— What you need to do —
Transcribe the listing verbatim. Do not carry over any pictures.

— Data shown —

=== Section Start ===

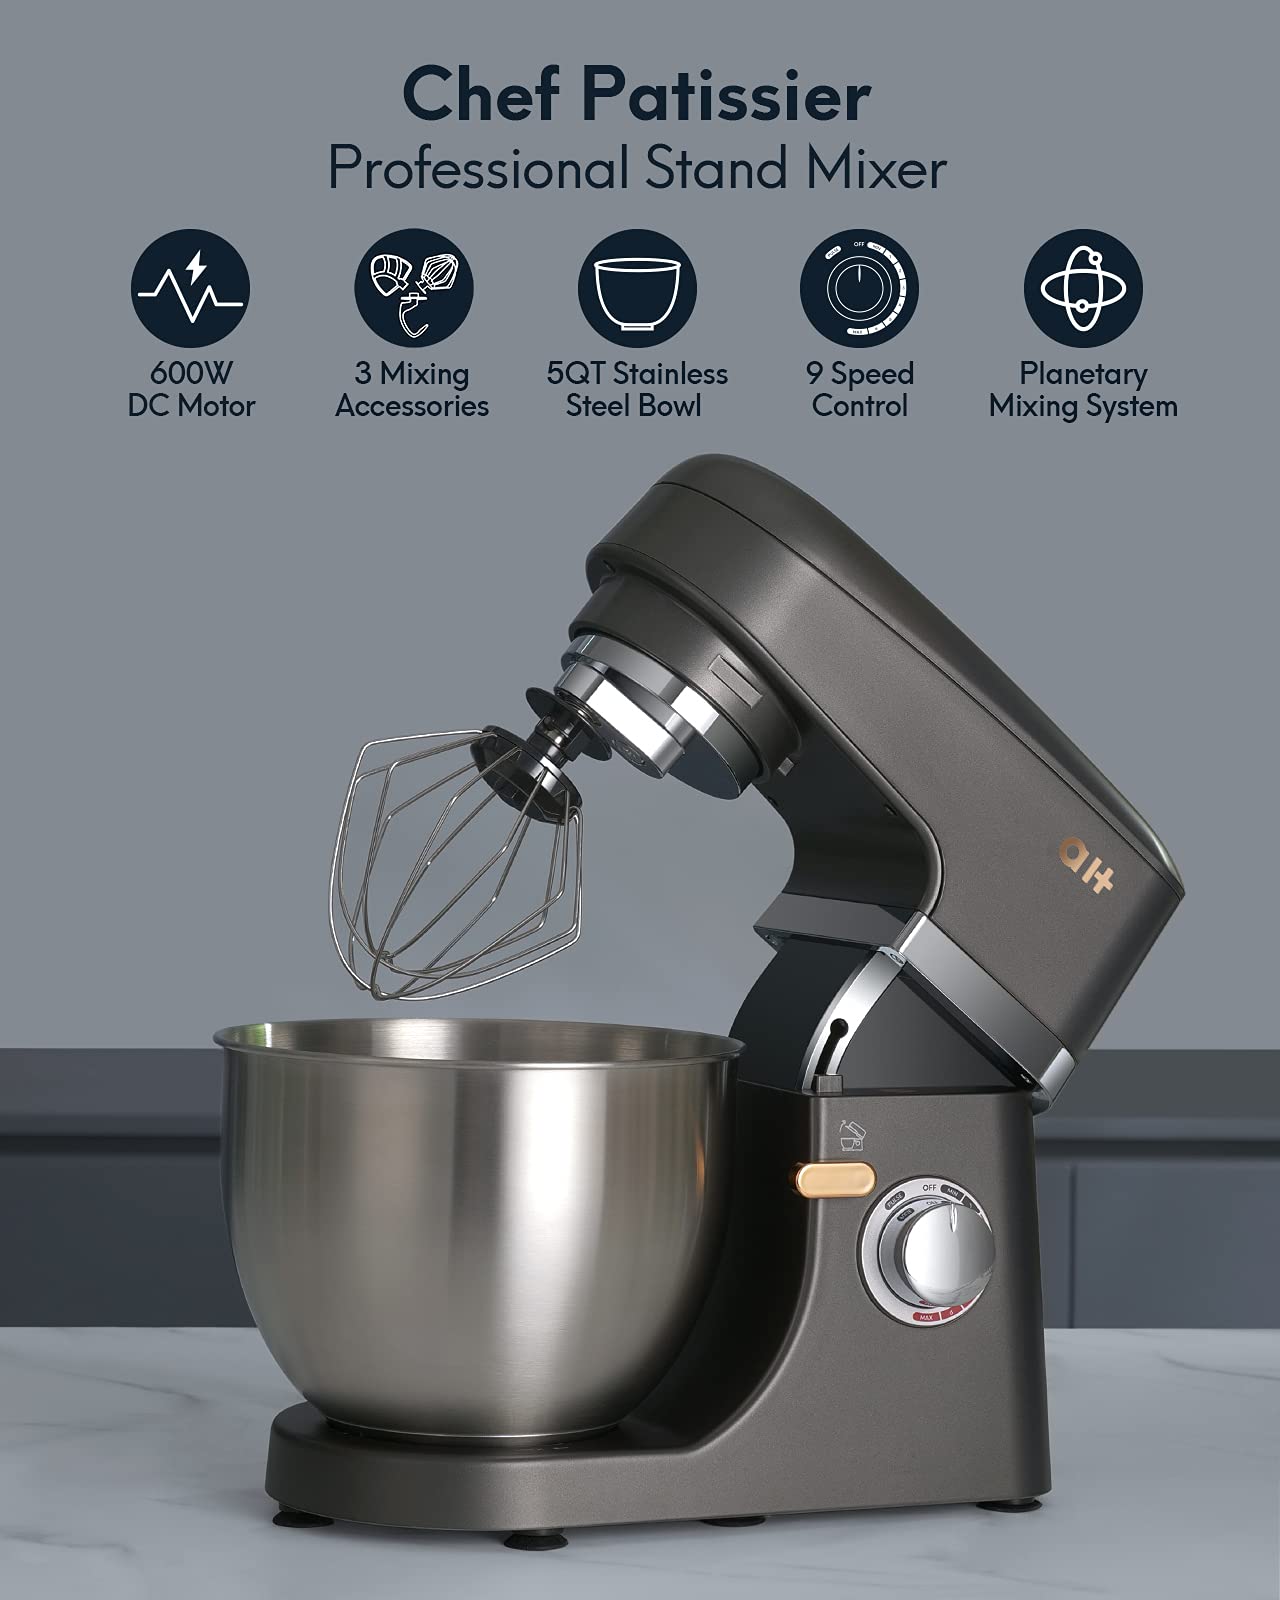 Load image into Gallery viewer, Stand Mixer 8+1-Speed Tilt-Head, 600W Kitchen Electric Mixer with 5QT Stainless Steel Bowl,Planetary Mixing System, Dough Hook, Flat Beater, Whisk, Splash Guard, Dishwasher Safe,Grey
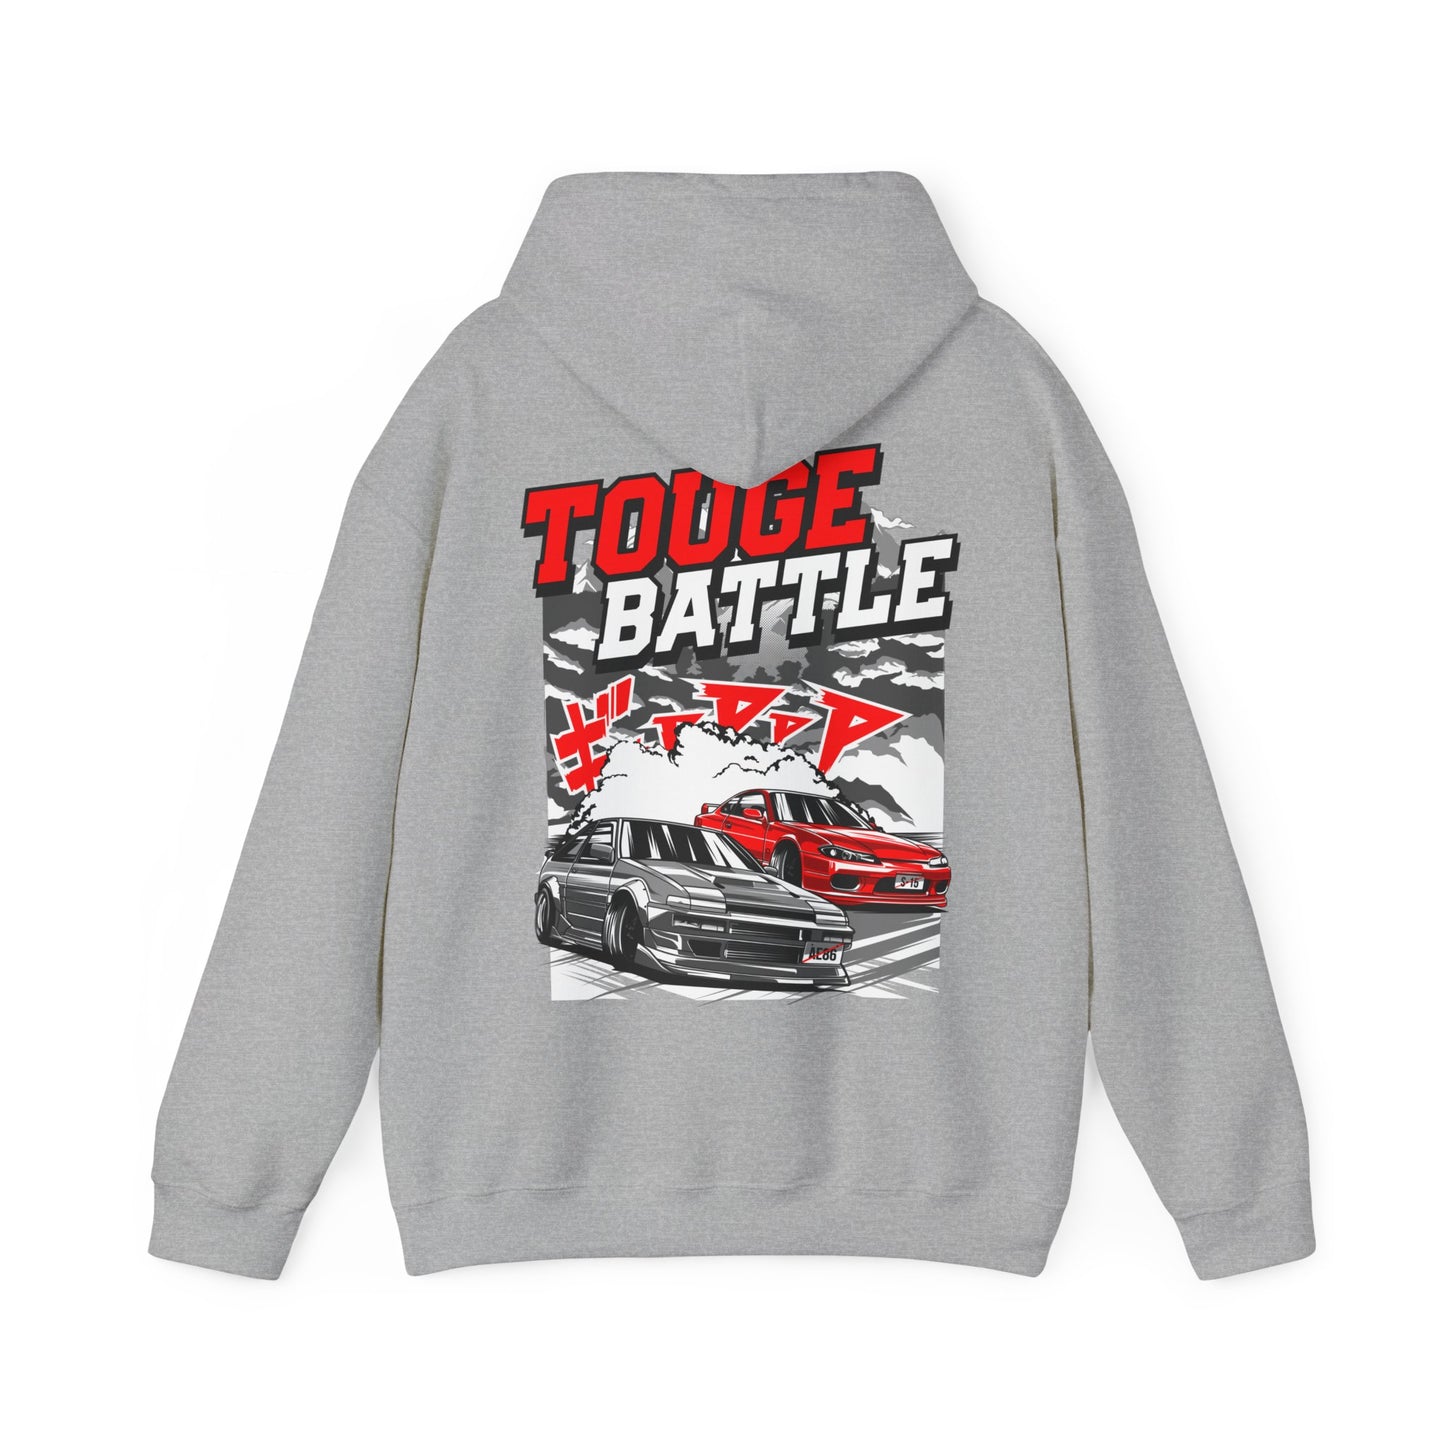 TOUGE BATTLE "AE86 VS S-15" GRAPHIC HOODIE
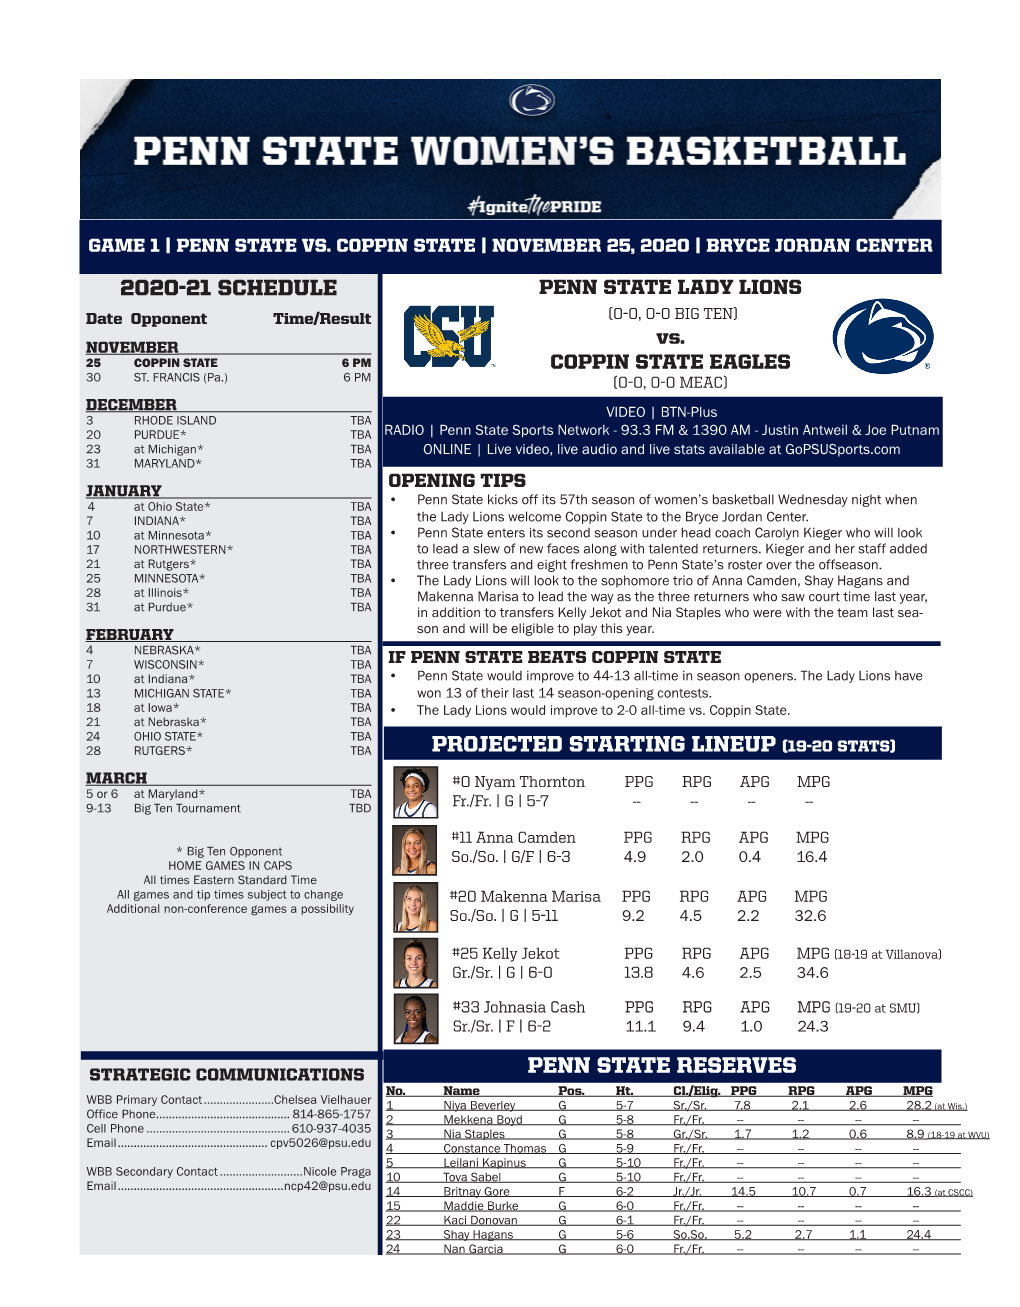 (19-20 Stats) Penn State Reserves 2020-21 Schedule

=== Section End ===

— Solution —
 Load image into Gallery viewer, Stand Mixer 8+1-Speed Tilt-Head, 600W Kitchen Electric Mixer with 5QT Stainless Steel Bowl,Planetary Mixing System, Dough Hook, Flat Beater, Whisk, Splash Guard, Dishwasher Safe,Grey
 TOUGE BATTLE "AE86 VS S-15" GRAPHIC HOODIE
 (19-20 Stats) Penn State Reserves 2020-21 Schedule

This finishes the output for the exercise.